Parsing stops early when has_errors() returns true (checked in loops). Several methods include error recovery, e.g. skip_to_block_end().

Debug Tracing

This requires both the -d parse command line option and a Debug build of bpftrace. When active, the PARSE_TRACE macro logs which grammar rules are entered and what token is being examined, producing output like:

[parse] 1:1 parse_program
[parse] 1:1 parse_probe
[parse] 1:1 parse_attach_point
[parse] 1:9 parse_block
[parse] 1:11 parse_expression
[parse] 1:11 parse_primary, next='$'

Note: The debug flag is always disabled when parsing standard library .bt files in resolve_imports.cpp.

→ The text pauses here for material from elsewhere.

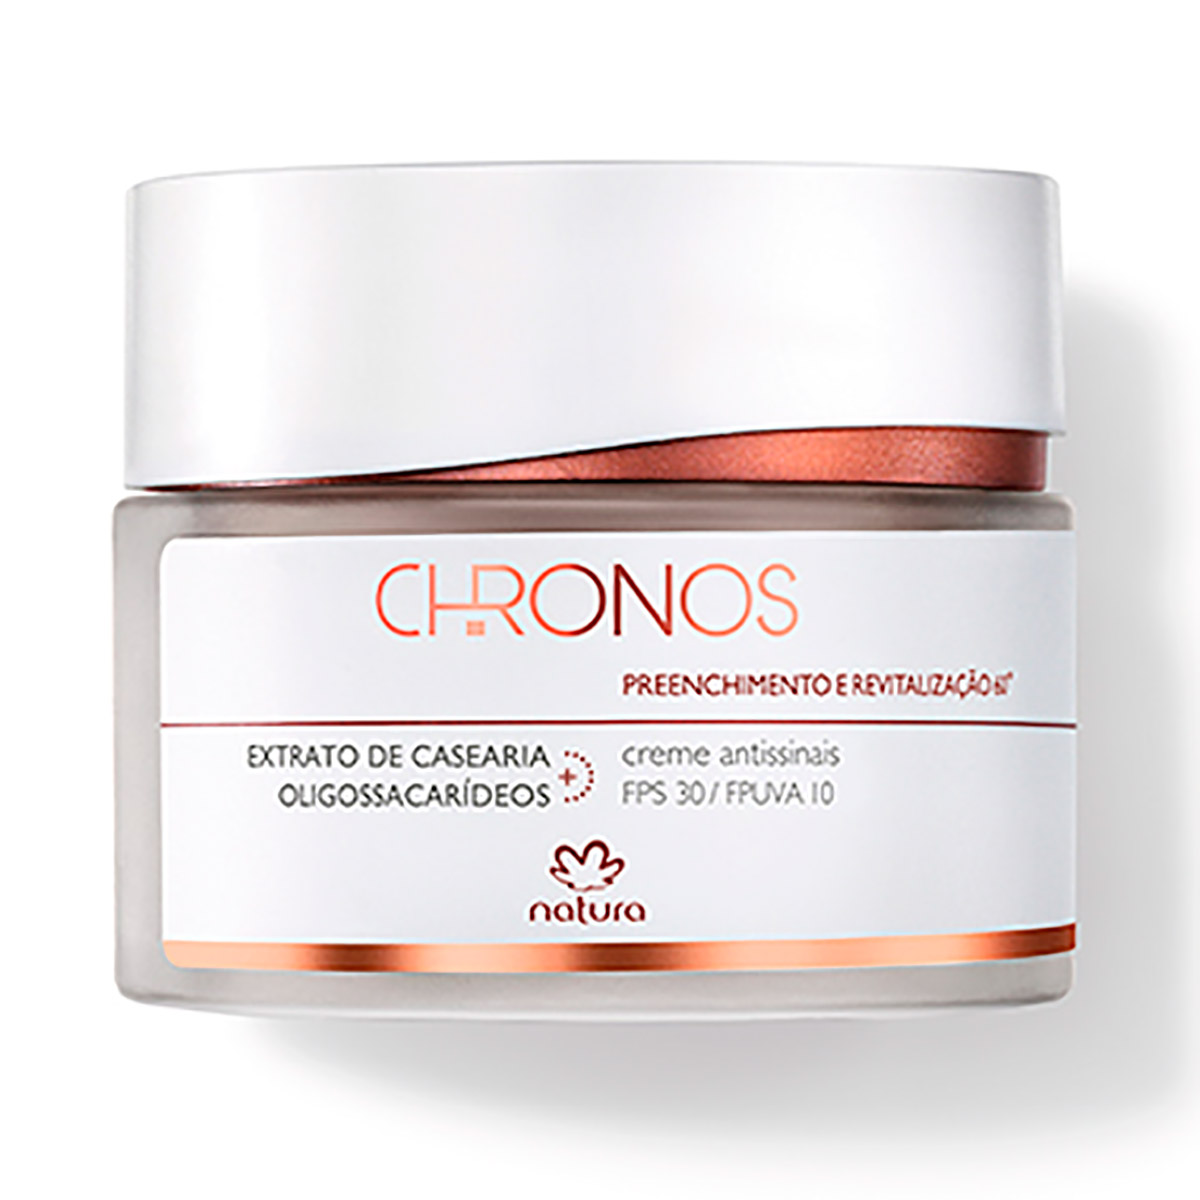 Creme Antissinais 60+ Preenchimento e Revitalização Chronos - 40g - 57985

Adding a New Syntactic Construct

  1. Define AST node(s) in src/ast/ast.h.
  2. Add a parse_* method to Parser (declare in the header, define in the .cpp).
  3. Wire it into the appropriate dispatch point:
    • Program-level: add a keyword check in parse_program's main loop.
    • Statement-level: add to parse_block's keyword dispatch or parse_statement.
    • Expression-level: add to parse_primary or as a new precedence level in parse_binary.
  4. Handle ambiguity: if your construct's syntax overlaps with existing constructs, use SavePoint for backtracking or add a looks_like_* lookahead helper.
  5. Add tests: parser tests live in tests/parser.cpp.